## The data
=== Section Start ===
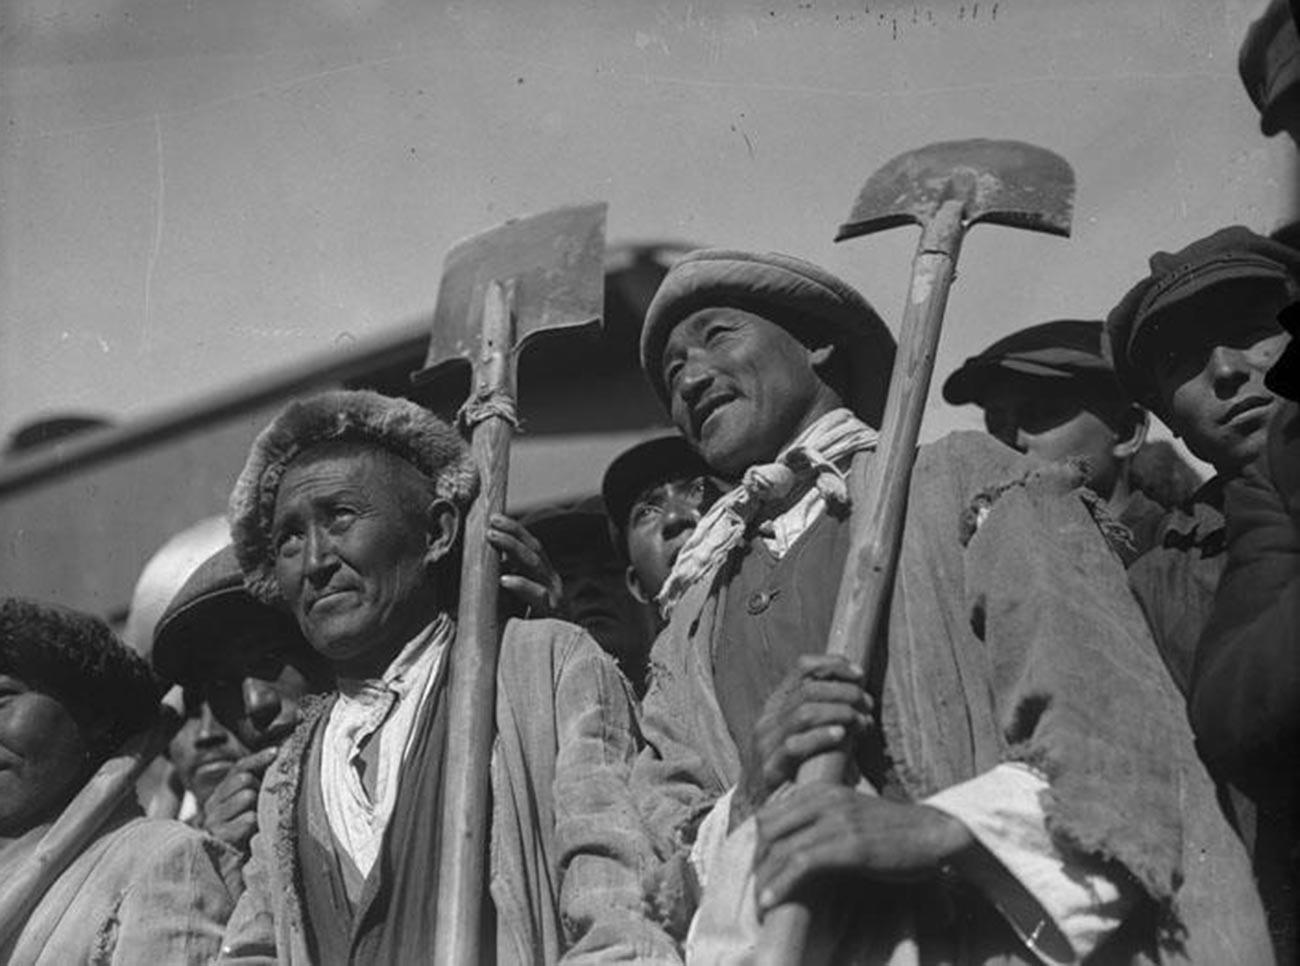 Para pekerja bangunan Kazakhstan yang membangun TURKSIB, salah satu proyek konstruksi utama dari rencana lima tahun pertama industrialisasi Stalin. Kereta api menghubungkan Siberia dengan republik Kazakhstan dan Kyrgyztan, 1930.
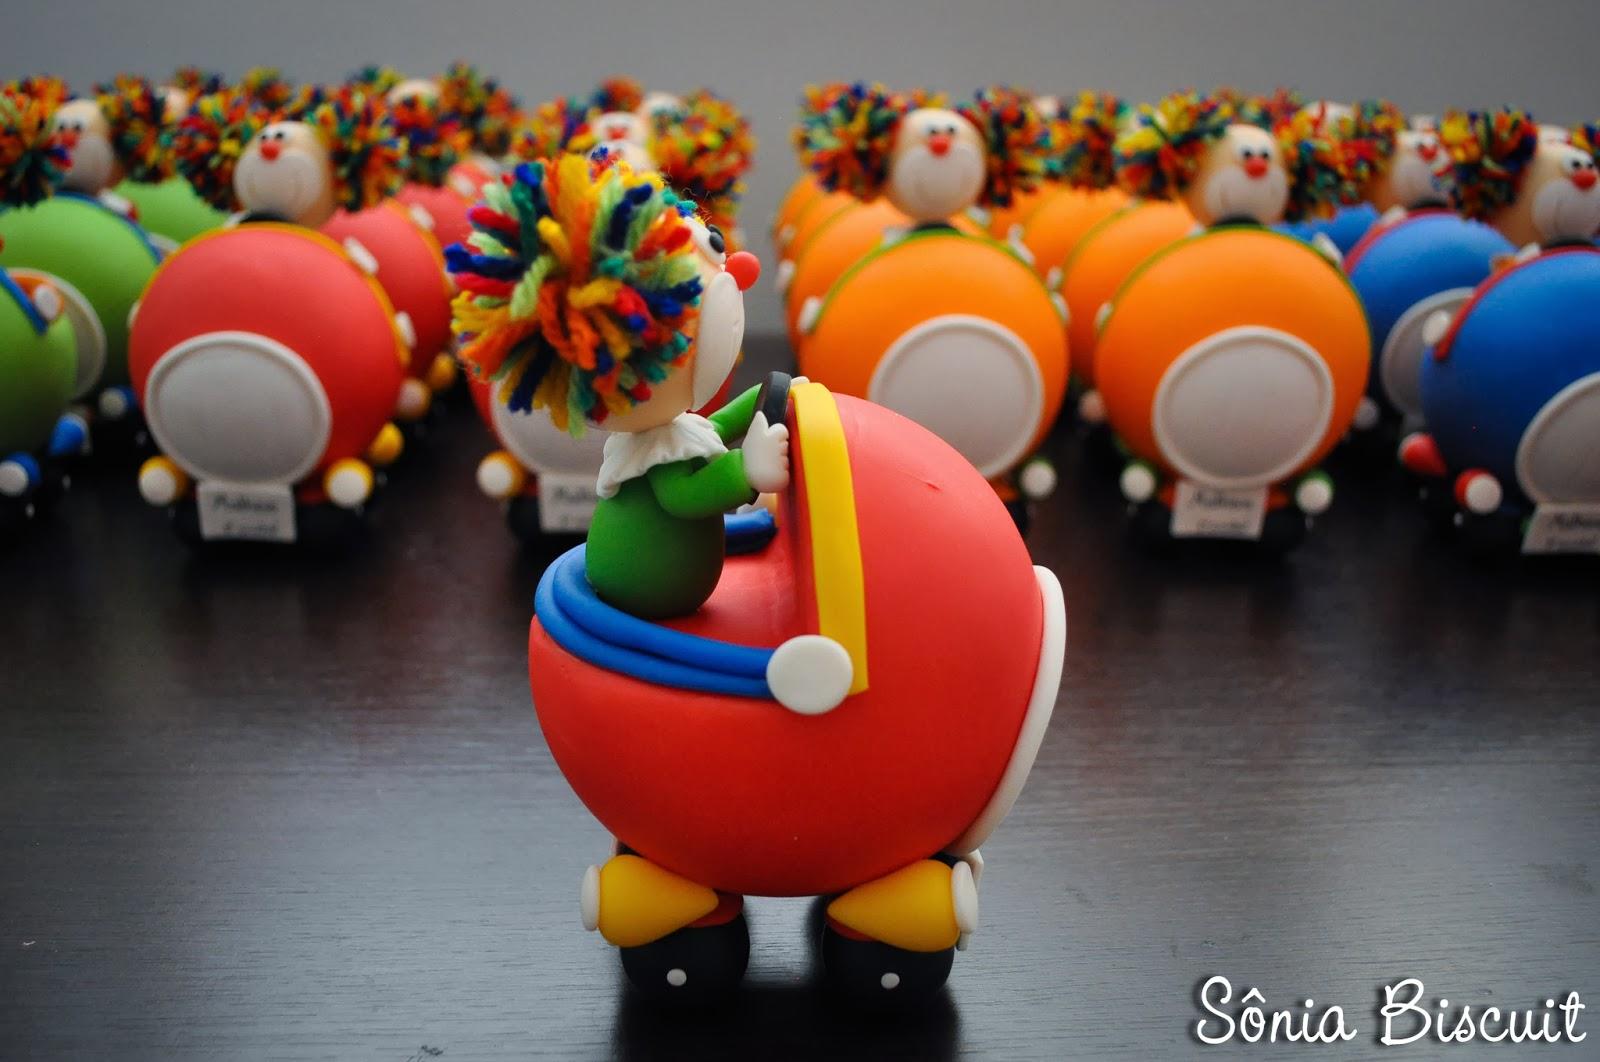 Palhacinhos no Carrinho Biscuit Lembrancinha Aniversário Palhaço
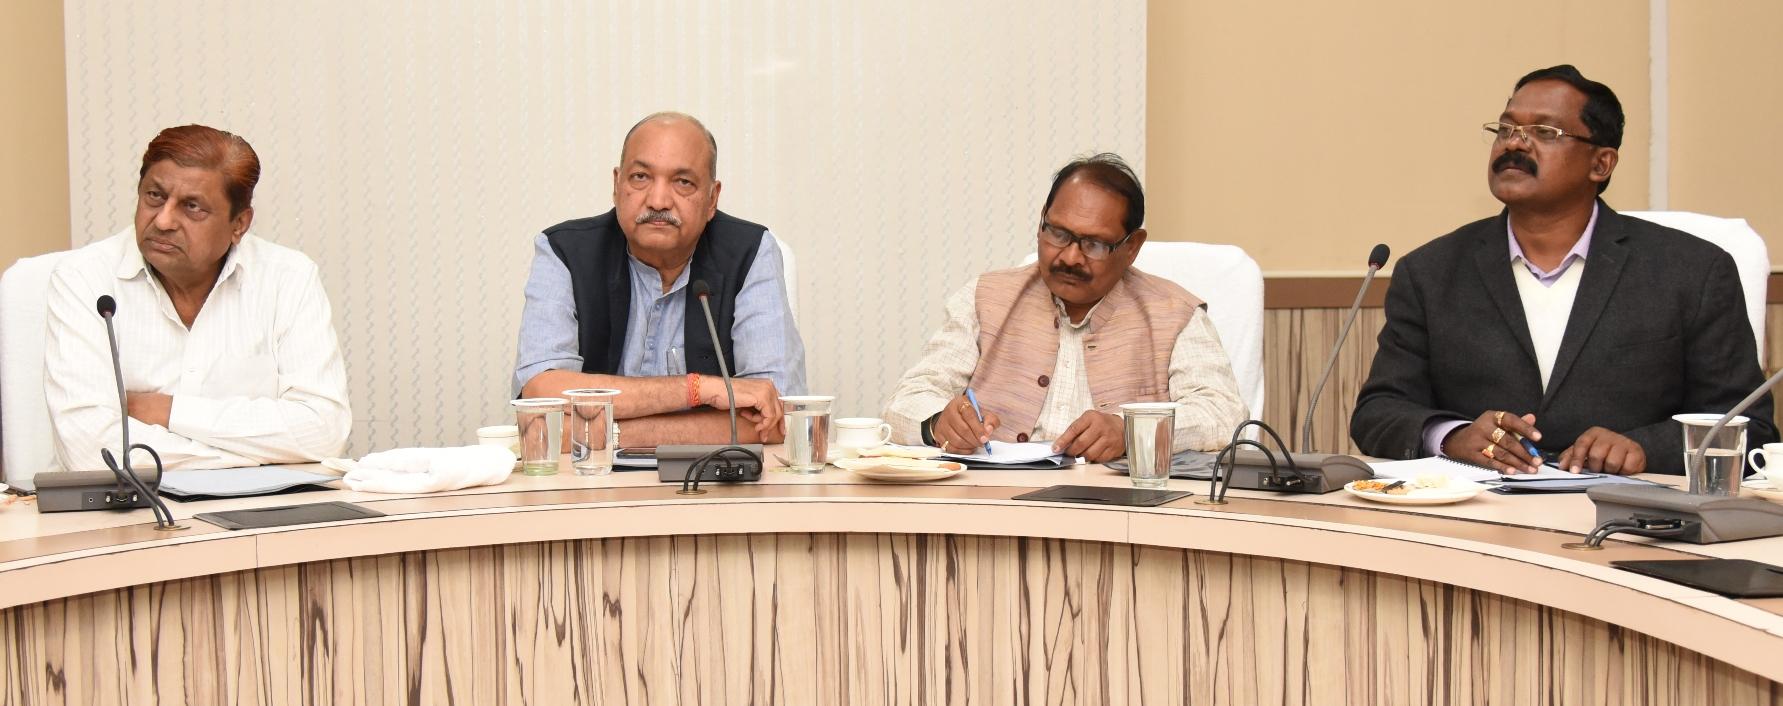 किसानों को धान खरीदी की बकाया राशि दिलाने  संबंधी मंत्री मण्डलीय उप समिति की बैठक सम्पन्न
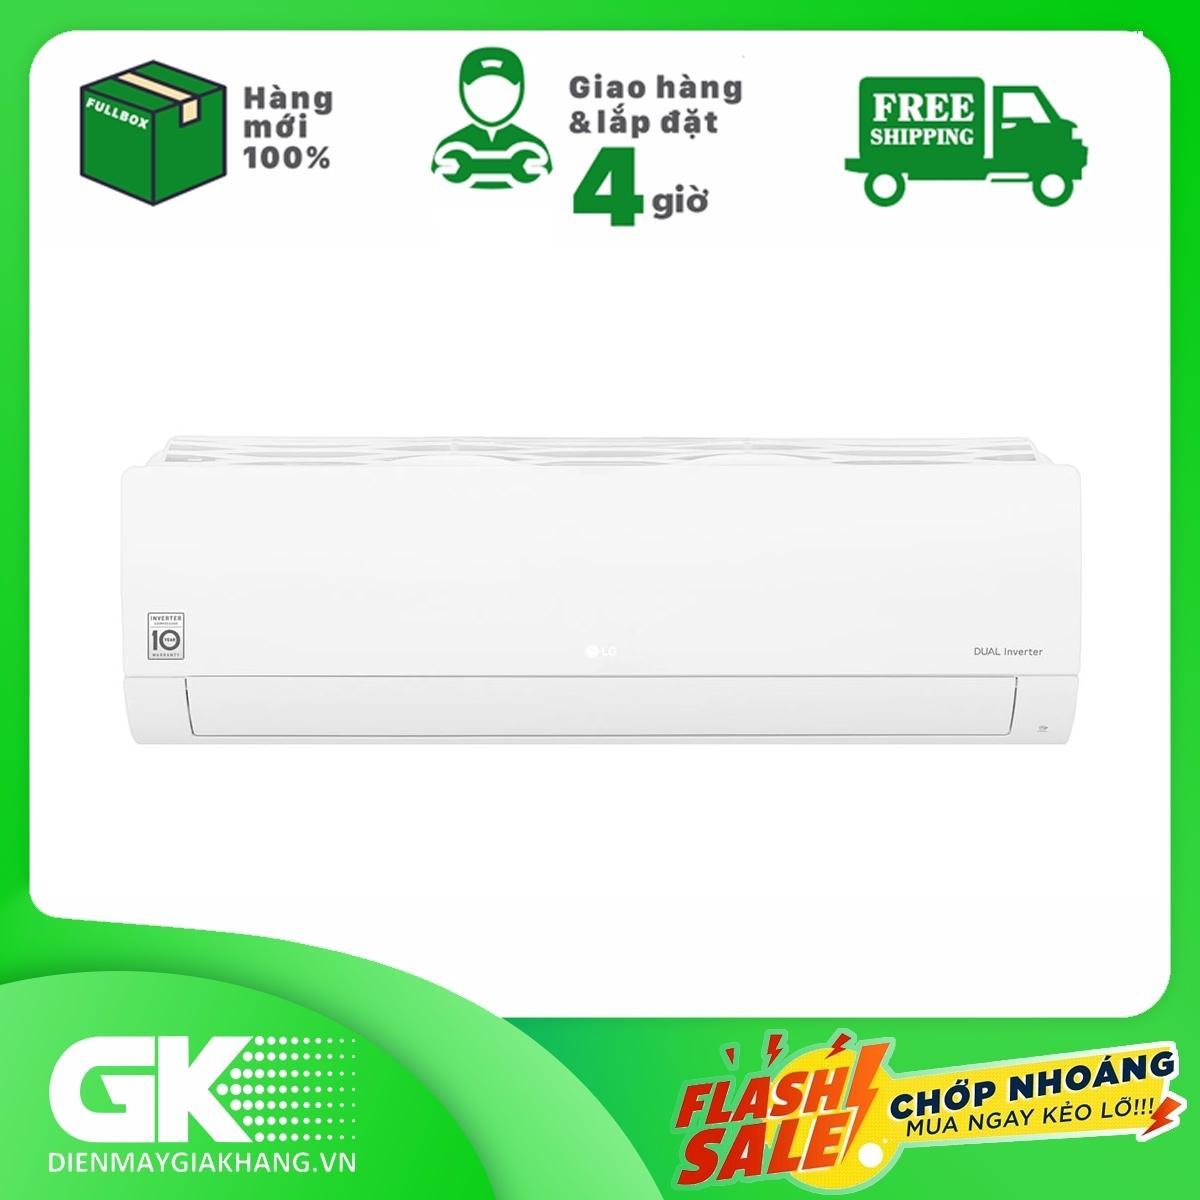 Bảng giá Máy lạnh LG Inverter 2 HP V18ENF, chế độ làm lạnh nhanh Jet Cool, tiết kiệm điện năng nhờ công nghệ Inverter - Bảo hành 12 tháng.
=== Section End ===
## What to produce
Restate word for word each line from the top of the listing down to and including the line that holds "किसानों को धान". Drop any pictures.

## Response to the exercise
 Para pekerja bangunan Kazakhstan yang membangun TURKSIB, salah satu proyek konstruksi utama dari rencana lima tahun pertama industrialisasi Stalin. Kereta api menghubungkan Siberia dengan republik Kazakhstan dan Kyrgyztan, 1930.
 Palhacinhos no Carrinho Biscuit Lembrancinha Aniversário Palhaço
 किसानों को धान खरीदी की बकाया राशि दिलाने  संबंधी मंत्री मण्डलीय उप समिति की बैठक सम्पन्न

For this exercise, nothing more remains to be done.